Constructing a Tangent

I was recently asked for an elegant proof of the following problem. It’s based on a construction challenge from Euclidea.

Given: Circles A, B, and C, such that point C is on circle A, point B is on circles A and C, point E is on circles B and C, and point D is on all three circles.

Prove: $\overleftrightarrow{BE}$ is tangent to circle A.

In Euclidea, the challenge is to construct the tangent on circle A through point B given only those two objects. The most efficient solution is:

1. Draw a circle with center C (arbitrarily placed) on A, with B on that circle.
2. Draw a circle with center B, such that the intersection of circles A and C is on B.
3. Draw a line through the other intersection of circles B and C. This will be tangent to A at B.

The challenge I was given was to create as elegant a proof as possible. I have a proof; whether it is sufficiently elegant is a matter of opinion.

Here is a closeup of the diagram. I have drawn three triangles. The goal is to prove that $m\angle ABE = 90^\circ$.

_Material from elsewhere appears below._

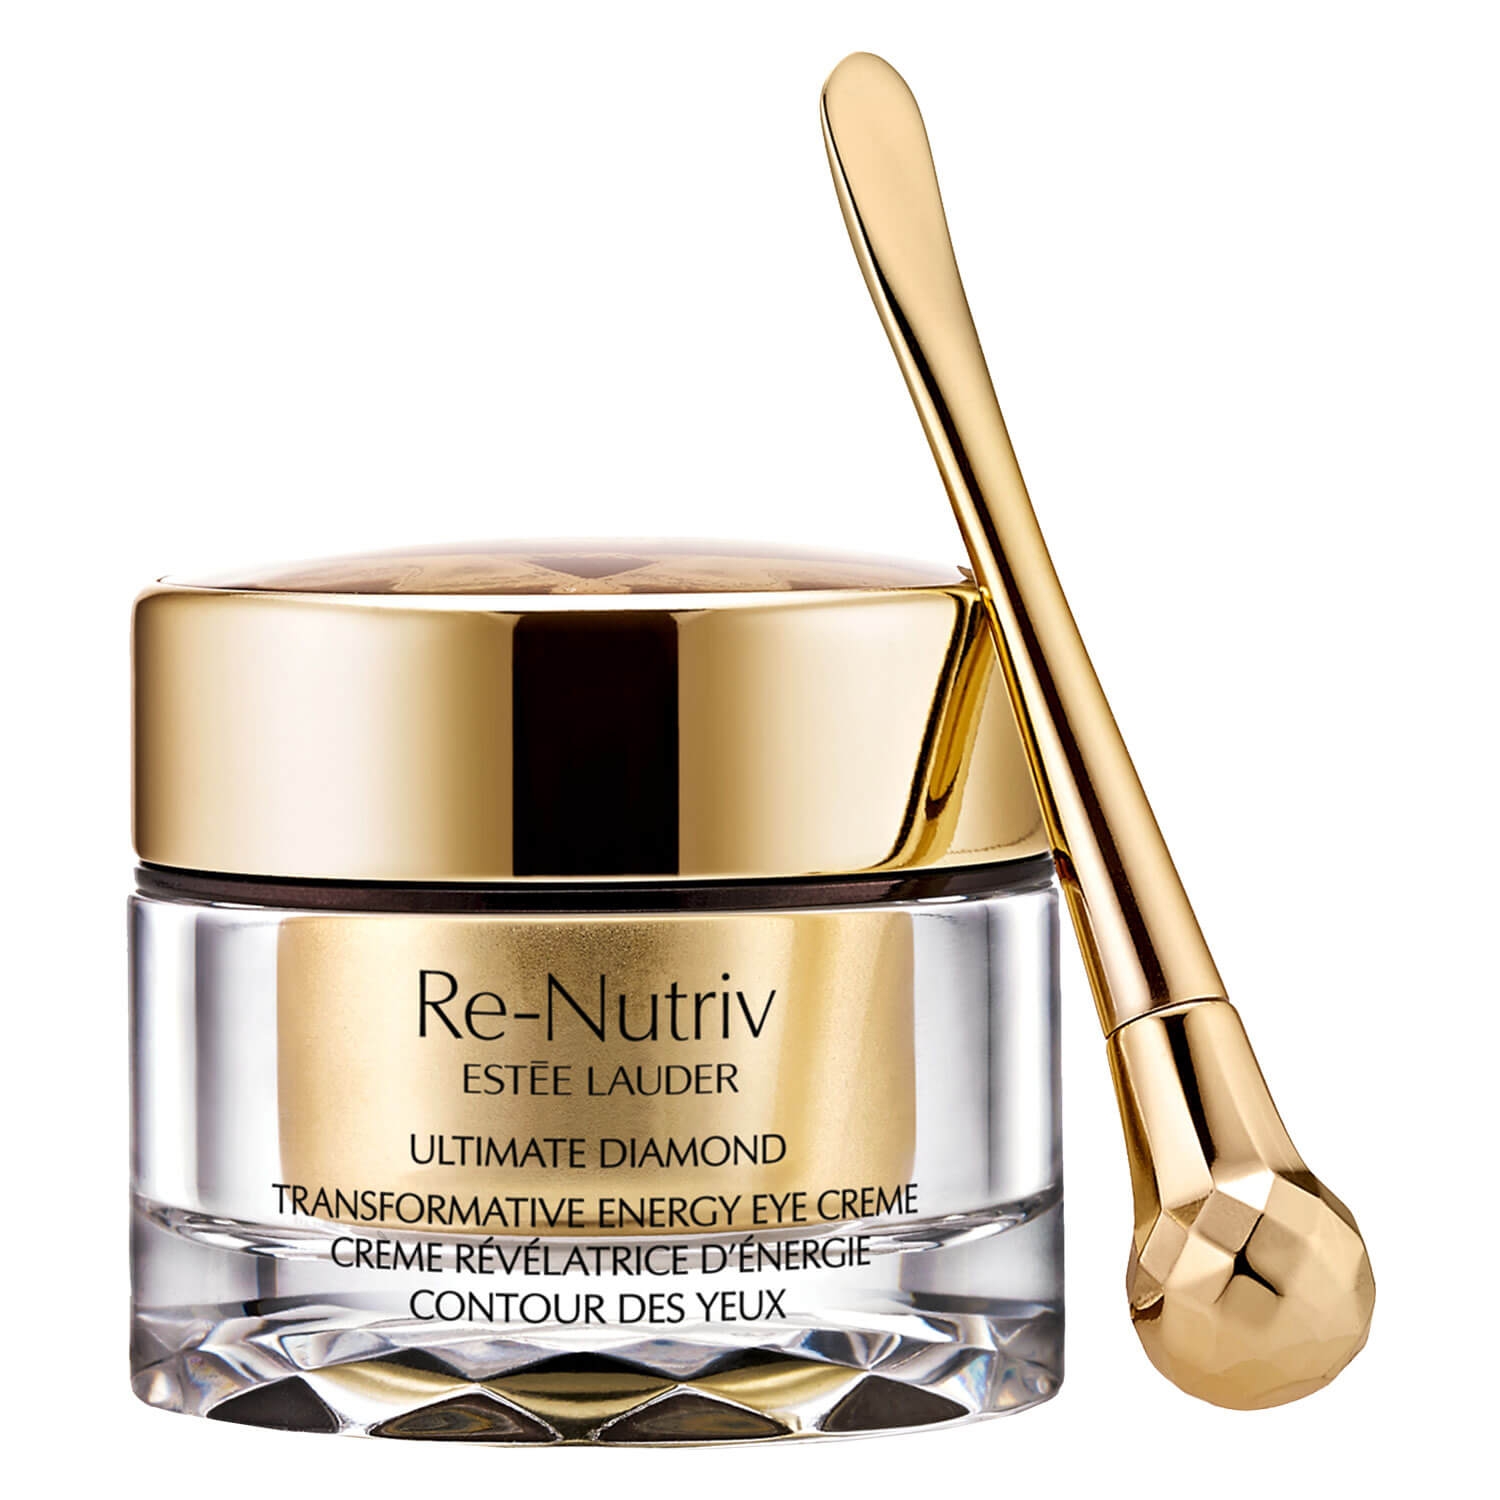 Product image from Re-Nutriv - Ultimate Diamond Transformative Energy Eye Creme

Each of these triangles is isosceles; $\Delta BCD$ and $\Delta BCE$ each have two legs that are radii of circle C, while $\Delta BAD$ has two legs that are radii of circle A. Since they are radii of circle B, $\overline{BE}\cong\overline{BD}$. By SSS, $\Delta BCD \cong \Delta BCE$.

We can now isolate the concave pentagon and examine its interior angles.

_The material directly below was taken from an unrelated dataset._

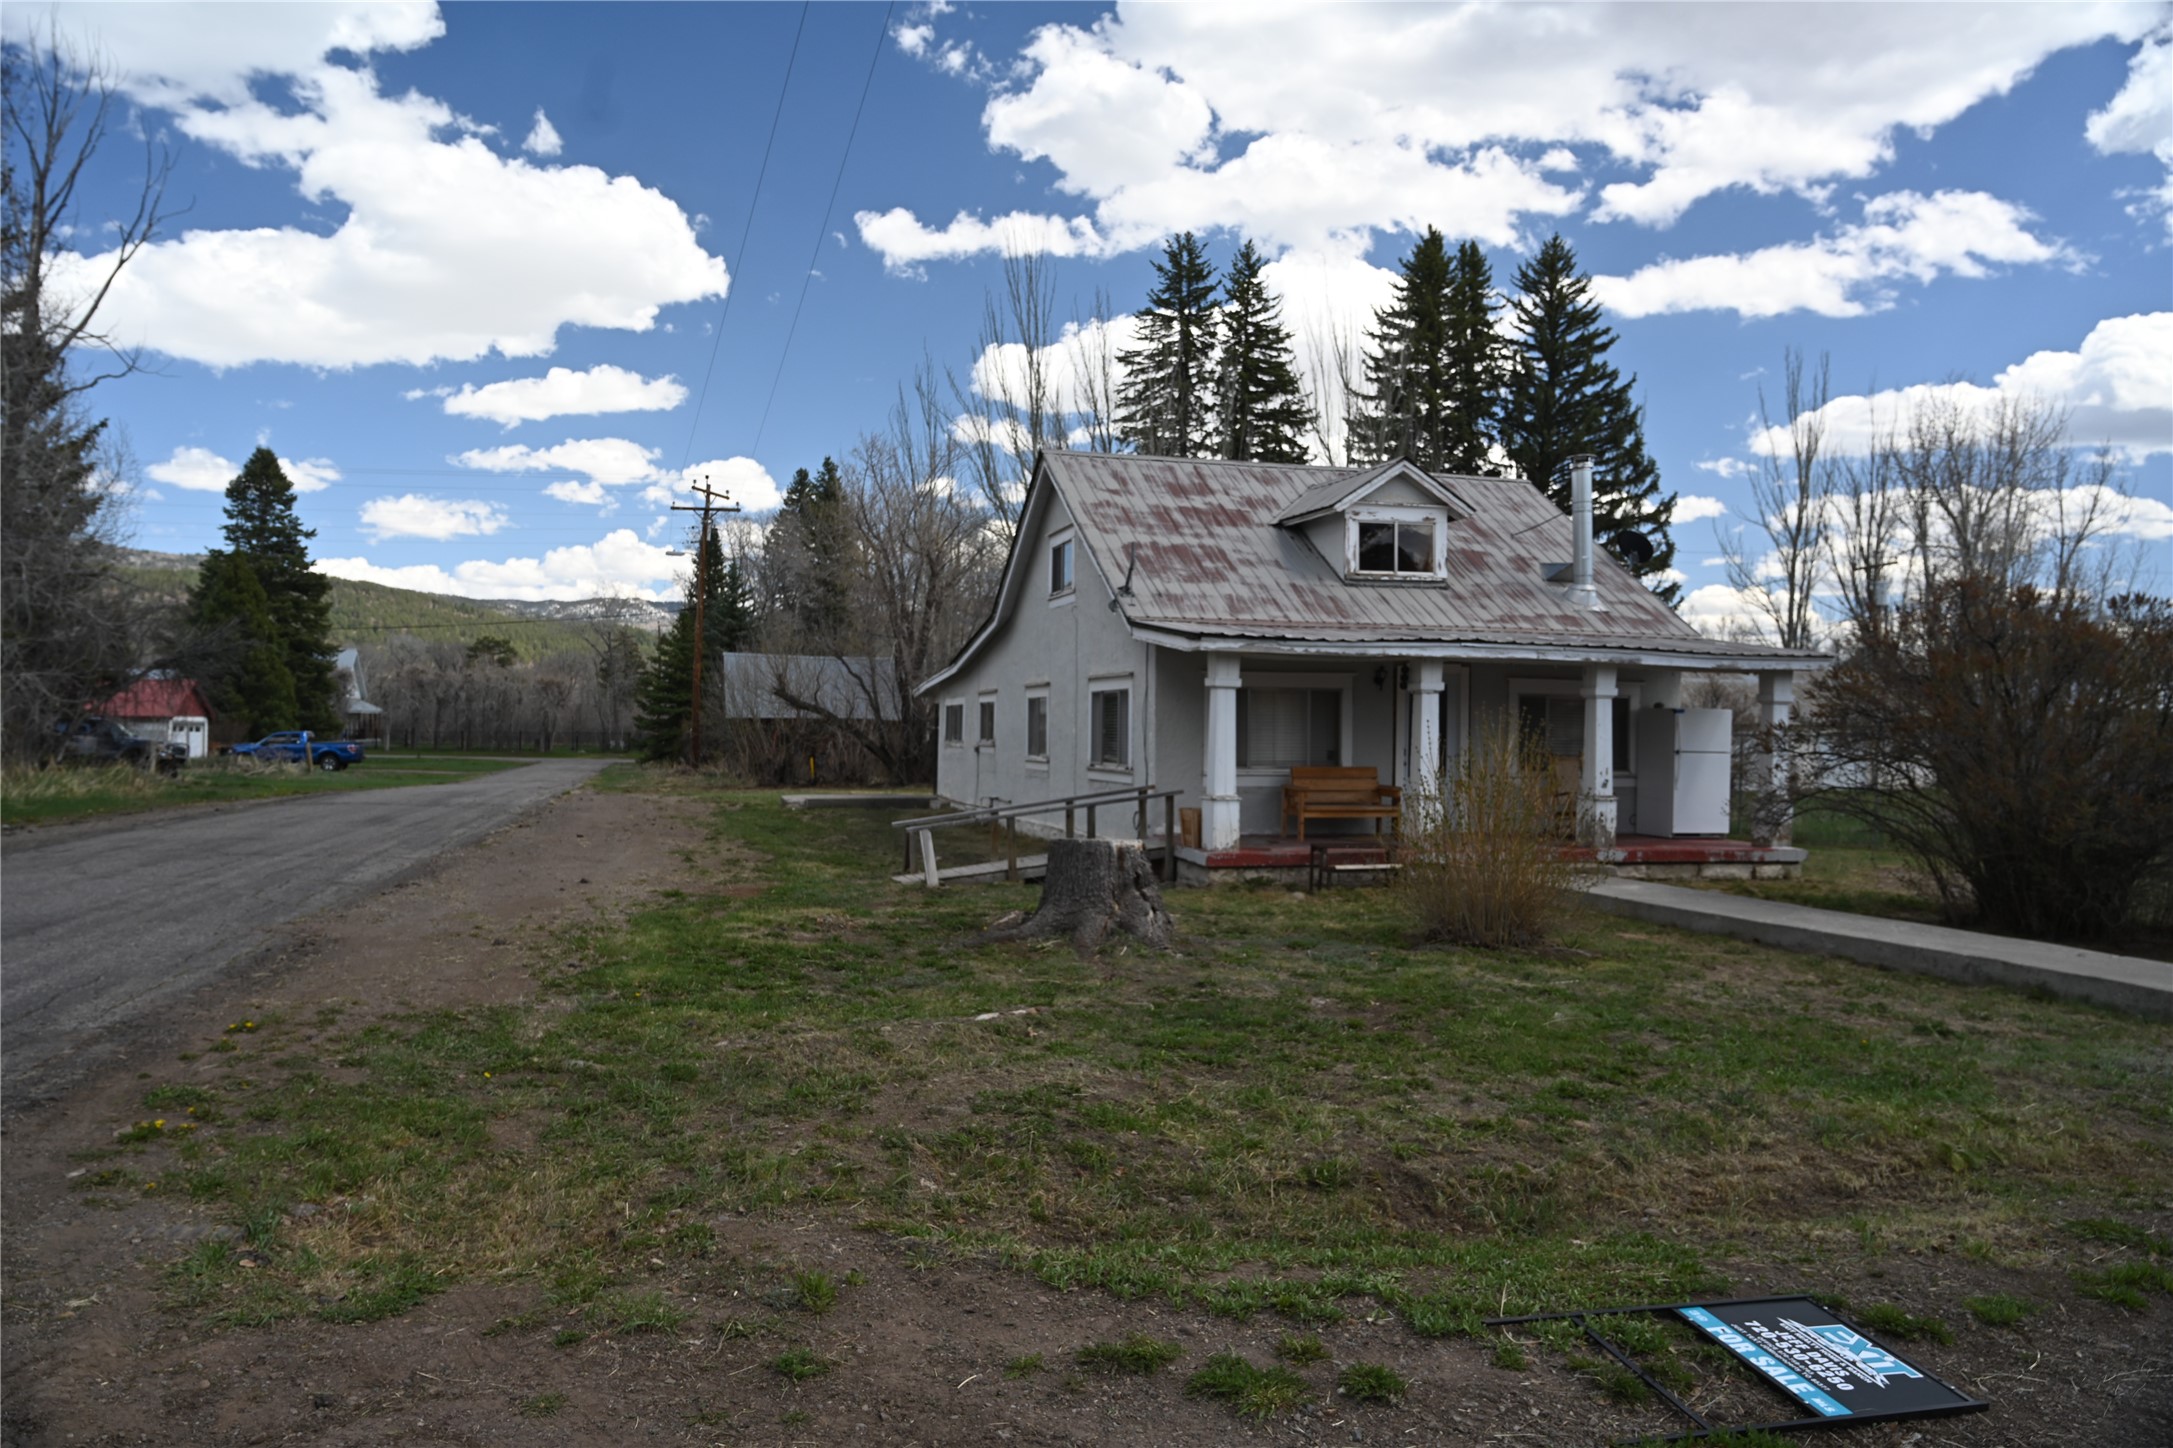 202 Pine Ave, Chama, New Mexico 87520, 3 Bedrooms Bedrooms, ,2 BathroomsBathrooms,Residential,For Sale,202 Pine Ave,202401499

Let $\alpha = m\angle CBD = m\angle CDB = m\angle CBE = m\angle CEB$, $\beta = m\angle BCD = m\angle BCE$, $\delta = m\angle BAD$, and $\gamma = m\angle ABD = m\angle ADB$.

By the Triangle Sum Theorem, we know that $2\alpha + \beta = 2\gamma + \delta = 180^\circ$.

Inscribed angles have half the measure of central angles, and inscribed $\angle BCD$ corresponds to the reflex of central $\angle BAD$, so $2\beta = 360^\circ – \delta$; thus, $\delta = 360^\circ – 2\beta$. By substitution, $2\gamma + 360^\circ – 2\beta = 180^\circ$. Simplify this to $\beta – \gamma = 90^\circ$.

Since we know $\beta = 180^\circ – 2\alpha$, substitute again to $180^\circ – 2\alpha – \gamma = 90^\circ$, that is, $2\alpha + \gamma = 90^\circ$.

We can see that $m\angle ABE = 2\alpha + \gamma = 90^\circ$. Thus $\overline{EB} \perp \overline{AB}$, QED.